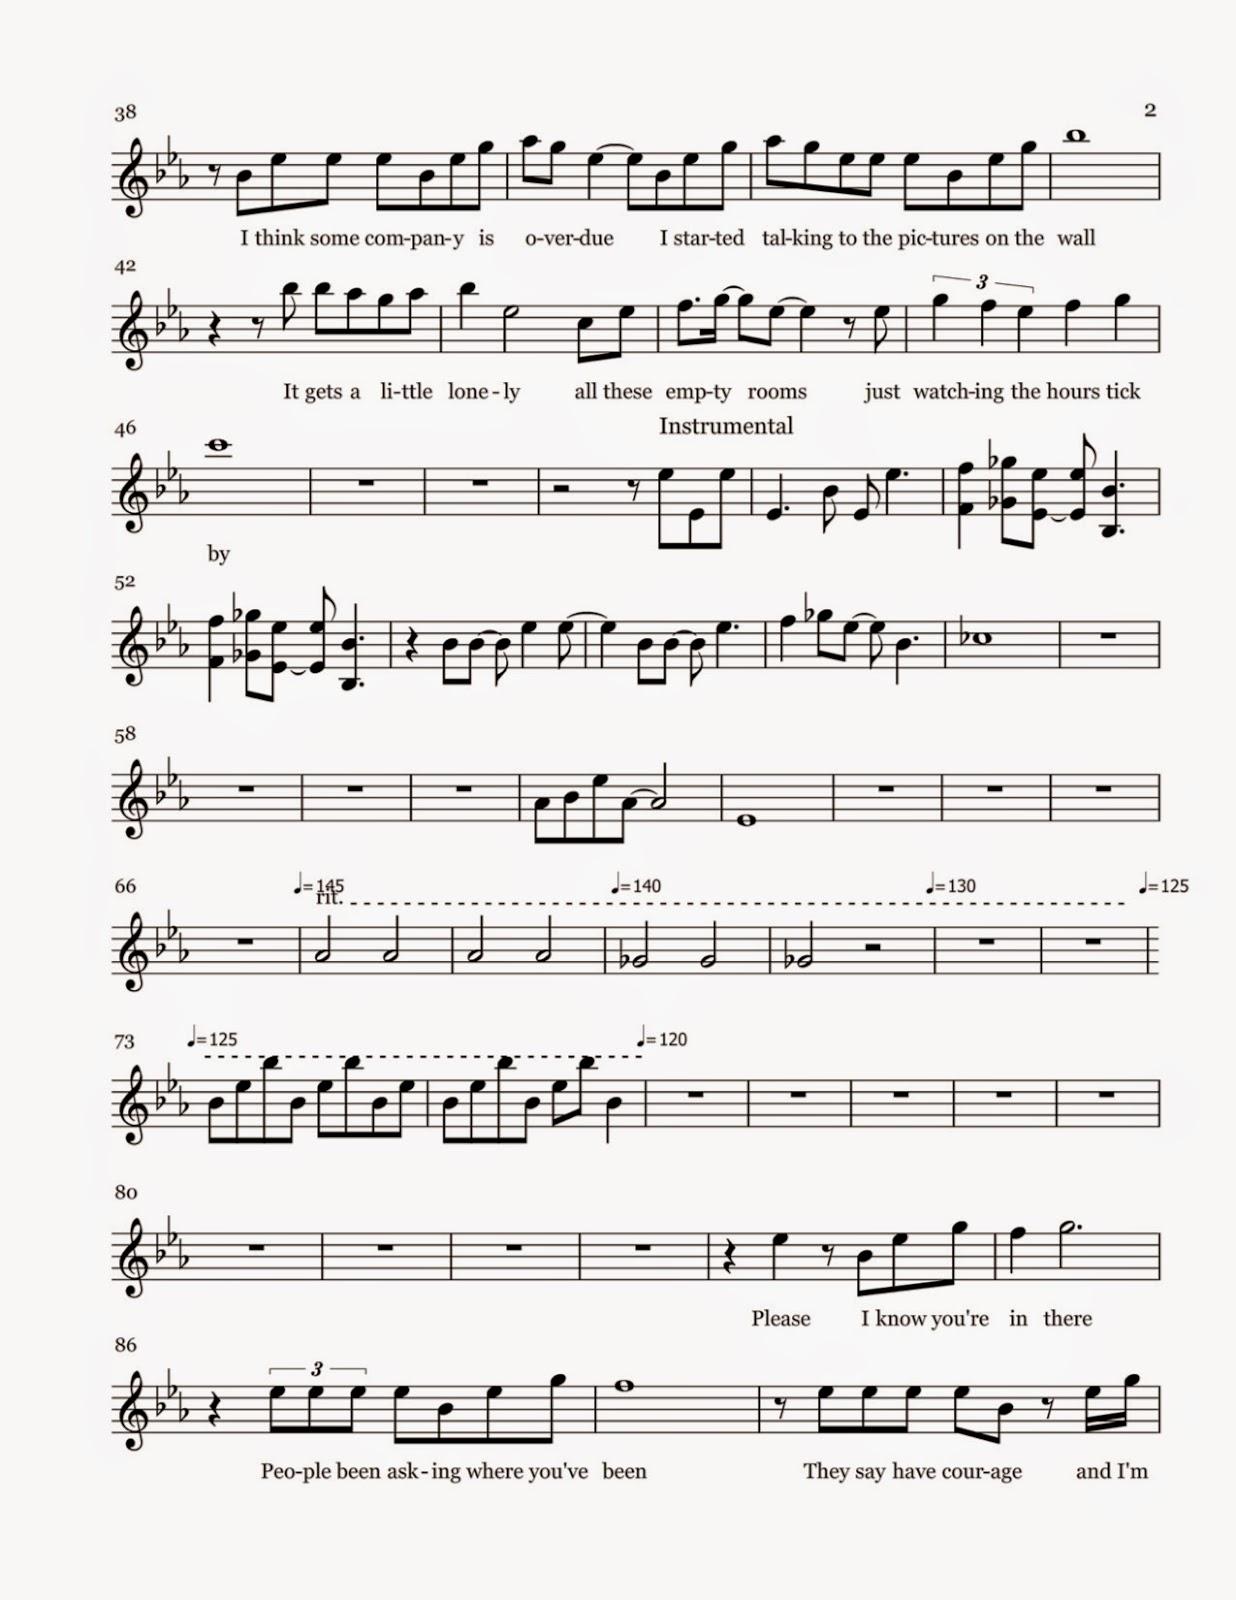 Flute Sheet Music: Do You Want To Build A Snowman - Sheet Music
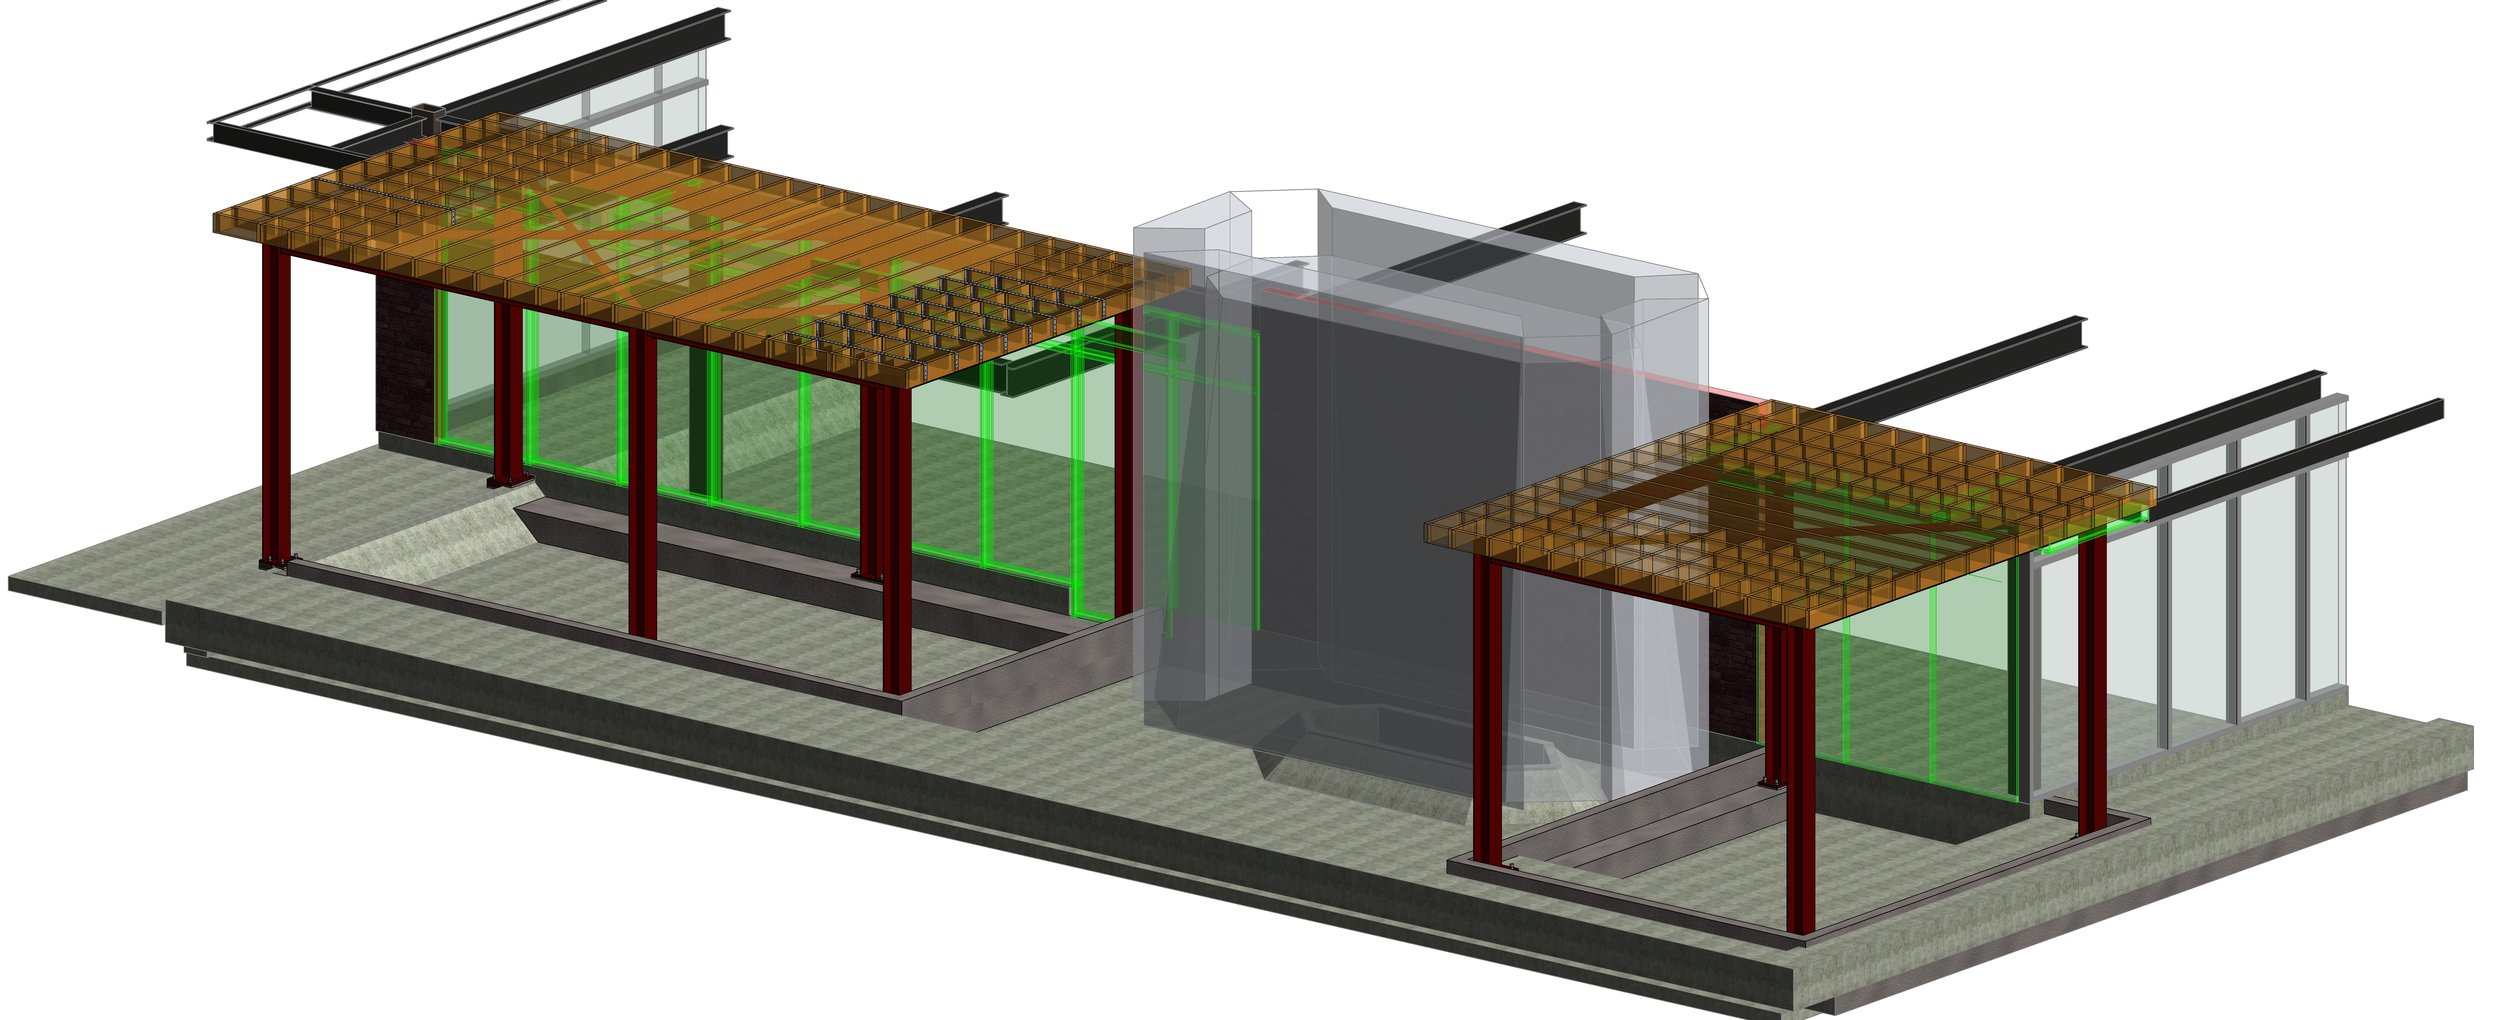 ENG-DWG-VED-VC0503 - 3D View - 3D View Copy 1.jpg
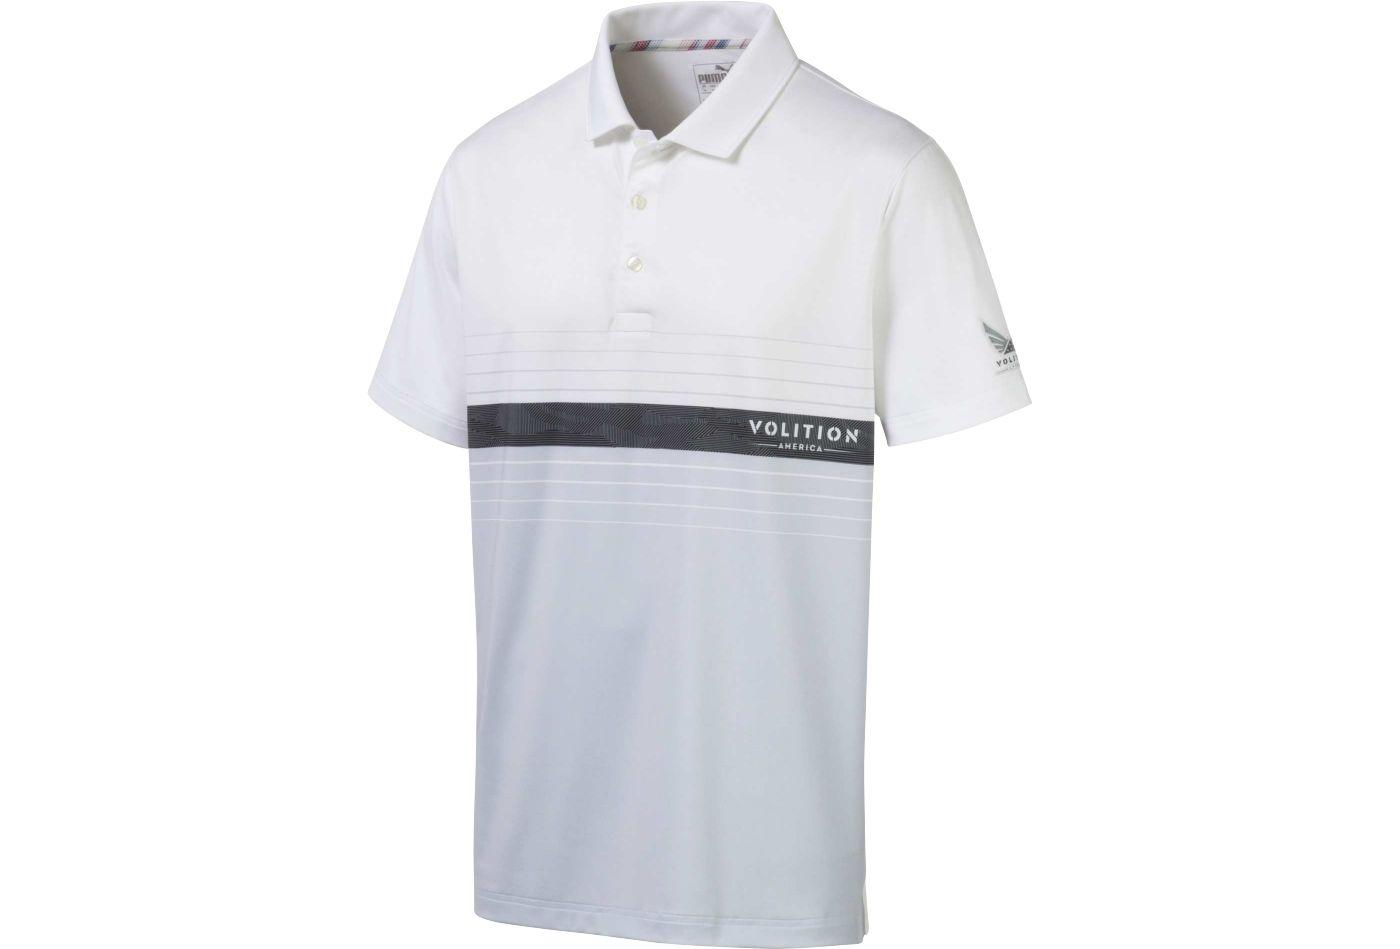 PUMA Men's Volition Horizon Golf Polo

|---|

### ABOUT THIS EXERCISE
Recopy the whole listing above precisely, excluding images.

### EXERCISE SOLUTION
 Flute Sheet Music: Do You Want To Build A Snowman - Sheet Music
 ENG-DWG-VED-VC0503 - 3D View - 3D View Copy 1.jpg
 PUMA Men's Volition Horizon Golf Polo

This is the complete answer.